The recommendations of Jaskolski et al. (2007) concerning relative weighting of diffraction and geometric terms appear to have arisen from a failure to make the important distinction between on the one hand the standard uncertainty (SU, σ) of an individual geometric restraint (or its RMS value), which is related to the weight of the restraint (weight = 1/σ²), and on the other the root-mean-square deviation (RMSD) of the values calculated from the parameters of the refined atomic model for a set of geometric restraints from their respective ideal values. The sole rationale for their recommendation of a target RMSD for bond lengths of around 0.02 Å (apparently independent of resolution cutoff, except at very high resolution, i.e. 1.5 Å or higher, where they suggest that the target RMSD may be increased to around 0.03 Å) is that this is the RMS value of the SUs, taken over the same set of ideal values for which the RMSDs have been calculated. They identify RMSDs several times smaller than the `recommended library values' (i.e. presumably referring to the RMS values of the SUs) as a problem to be corrected. In reality no such problem exists because the RMS SU and the RMSD are in general only very loosely related quantities: the RMS SU is only the approximate upper limit of the RMSD, the lower limit being zero. The results presented here show that the apparently low values for the bond-length RMSD obtained by some refinement programs, particularly those that make optimal use of cross-validation statistics, are actually much closer to the optimal values based on an objective analysis of the data, although the authors' conclusion that there is much room for improvement of refinement software in this area is clearly apposite.

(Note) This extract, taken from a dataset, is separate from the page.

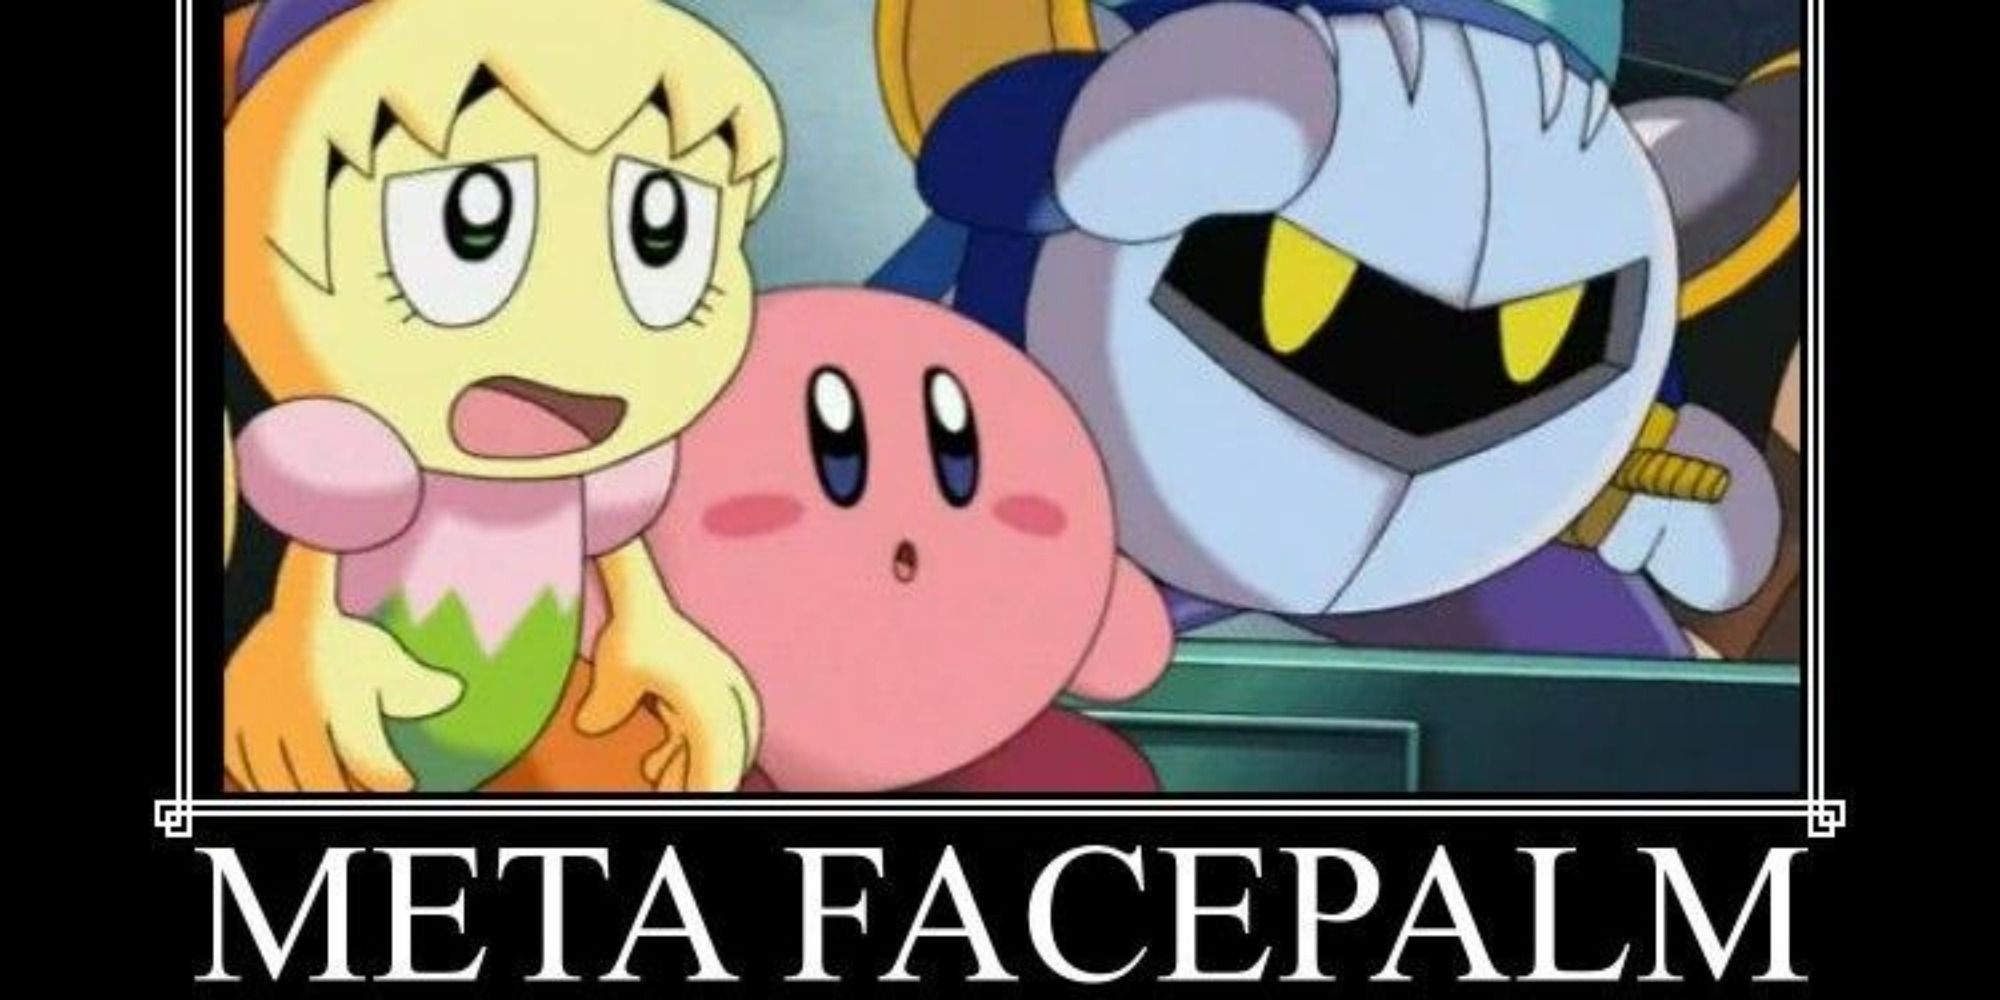 Tiff (left), Kirby (center), both with their mouths open and eyes wide, with Meta Knight (right) putting his palm on his forehead.

In the fitting of parameters to a functional model by maximization of the posterior probability (3), it is well known (Cruickshank, 1999 , 2001 ) that the overall mean-square deviation is always a biased (under-) estimate of the overall mean-square SU value by the factor N_dof/N_obs, where N_obs is the total number of observations including restraints and N_dof is the number of degrees of freedom (= N_obs − N_var, where N_var is the number of fitted variable parameters). In the limit when N_dof tends to zero (i.e. when N_obs becomes less than N_var in the limiting case where there is no diffraction data), so will the RMSD, whereas of course the SUs remain constant at the values fixed a priori, independent of resolution cutoff. Furthermore, Tickle et al. (1998a) gave a formal proof that the mean-square deviation of any individual component of the posterior probability function [e.g. the bond-length restraint term in (3)] must also underestimate the mean-square SU value of that component by a factor that depends on the inverse of the Hessian (second derivative) matrix; however, a quantitative estimate of the magnitude of the effect requires calculation of the full Hessian matrix (i.e. including all components of the posterior probability function) and this is not yet a routine operation in macromolecular refinement.

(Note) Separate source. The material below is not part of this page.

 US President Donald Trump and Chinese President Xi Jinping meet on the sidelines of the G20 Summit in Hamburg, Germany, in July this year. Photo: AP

The RMSD is not in any case the most appropriate statistic to use in this context, simply because as already indicated the SU values vary significantly according to the bond type so that deviations can only be sensibly compared or summed if divided first by the corresponding SU. More formally, the prior probability is a function of the ratio (deviation from ideal value)/SU (also known as `Z score' or `normal score'), so the appropriate statistic to use is the root-mean-square Z score (RMSZ). This will have asymptotic values of zero (low resolution) and unity (high resolution) and will naturally vary monotonically between these limits as a function of resolution. Use of RMSZ in place of RMSD enables a meaningful comparison of statistics for structures containing different proportions of bond and angle types. Hooft et al. (1996 ) were the first to implement RMSZ for this purpose in their WHATCHECK structure-validation software; unfortunately, it is used there in a completely inappropriate manner by generating warning or error messages if an RMSZ value falls significantly below unity (WHATCHECK does claim that this is only a problem at high resolution).

Another way of looking at the question of optimal RMSD or RMSZ values is in terms of Bayes' theorem, upon which of course restrained refinement crucially depends for its justification (Bricogne, 1997 ; Murshudov et al., 1997; Blanc et al., 2004). The restraints define the prior probabilities of the derived geometrical parameters (bonds, angles etc.); hence, at low resolution where the diffraction terms cease to significantly influence the local geometry the latter will be determined almost exclusively by the restraints and thus the optimal RMSD or RMSZ values should tend exactly to zero.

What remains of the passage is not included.